Le constat dressé est sans appel. « Deux mois se sont écoulés depuis le démarrage des travaux, rien n’a été touché, même une virgule, même un point sur la zone spéciale de Conakry », déplore le coordinateur.

Face à cette situation, le sentiment dominant parmi les contractuels est celui de l’abandon. « Aujourd’hui, c’est un sentiment de déception, c’est un sentiment de désolation, c’est un sentiment de désespoir qui s’installe dans la tête des anciens contractuels de la zone spéciale de Conakry », indique Mohamed Saoud Sylla.

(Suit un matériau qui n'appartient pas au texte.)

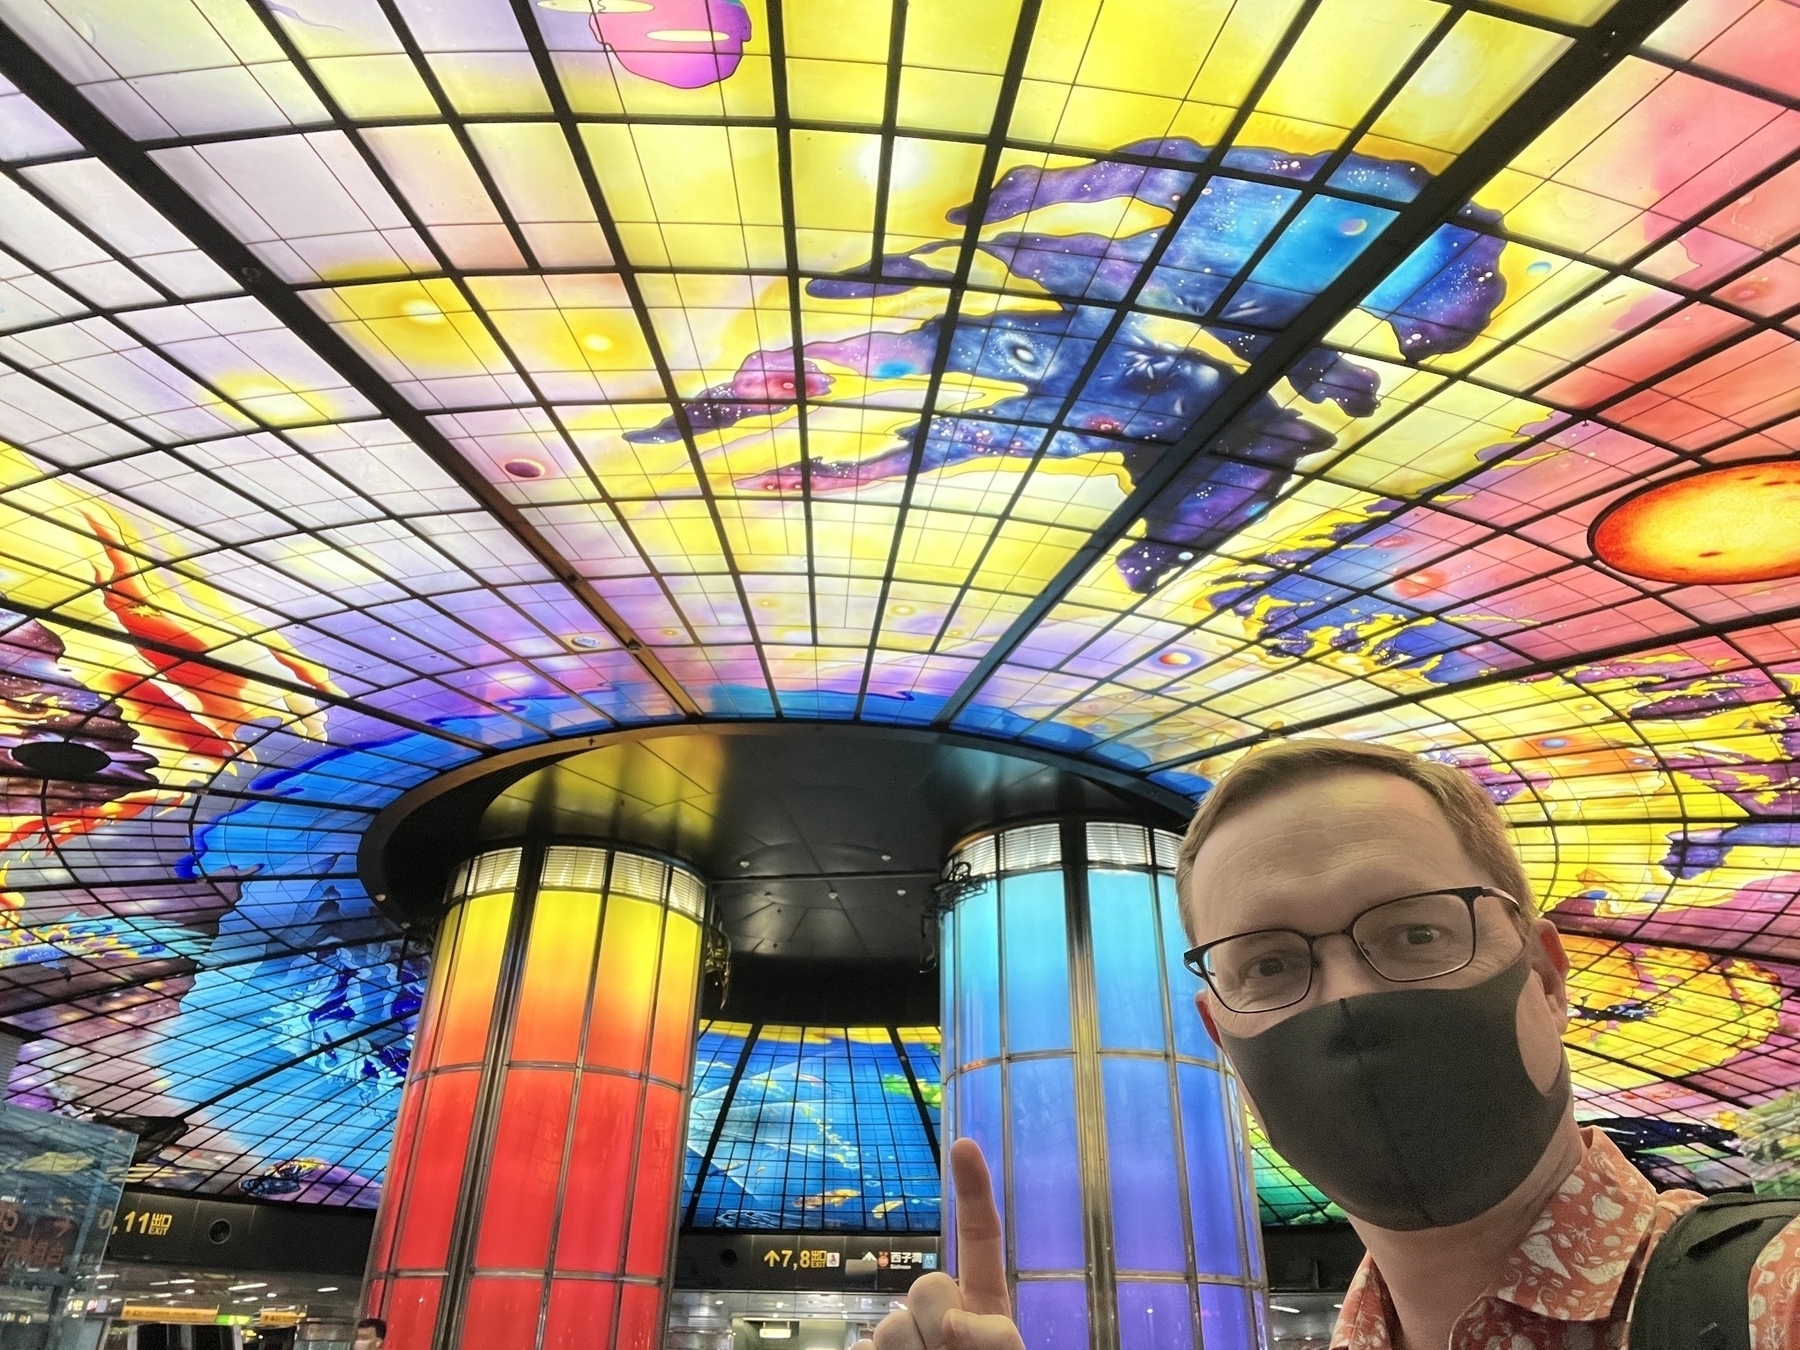 Chad selfie under the Dome of Light, a large coloured light installation at Formosa Station

Des enseignants toujours en classe, à l’approche des examens

Cette préoccupation intervient alors que les examens nationaux, entrée en septième année, brevet d’études du premier cycle et baccalauréat, approchent à grands pas. Les enseignants contractuels soulignent que nombre d’entre eux continuent d’assurer leurs cours dans les établissements publics. « Aujourd’hui, il y a un sentiment de frustration. Et la plupart de ces contractuels sont en situation de classe dans les écoles publiques », fait savoir le coordinateur.

Un protocole d’accord qui tarde à se concrétiser

Mohamed Saoud Sylla rappelle que leur situation figure dans le protocole d’accord signé le 3 janvier 2026, lequel stipulait que les contractuels de Conakry devraient se préparer à un concours d’accès à la fonction publique. « Mais malheureusement, ce rêve tant attendu tarde à devenir une réalité pour la zone spéciale de Conakry », regrette-t-il.

Le coordinateur lance un appel aux autorités pour que des dispositions soient prises sans délai. « Nous demandons à l’État de faire tout son possible pour que la situation de Conakry aussi démarre au même titre que les autres commissions, au même titre que les autres points », interpelle-t-il.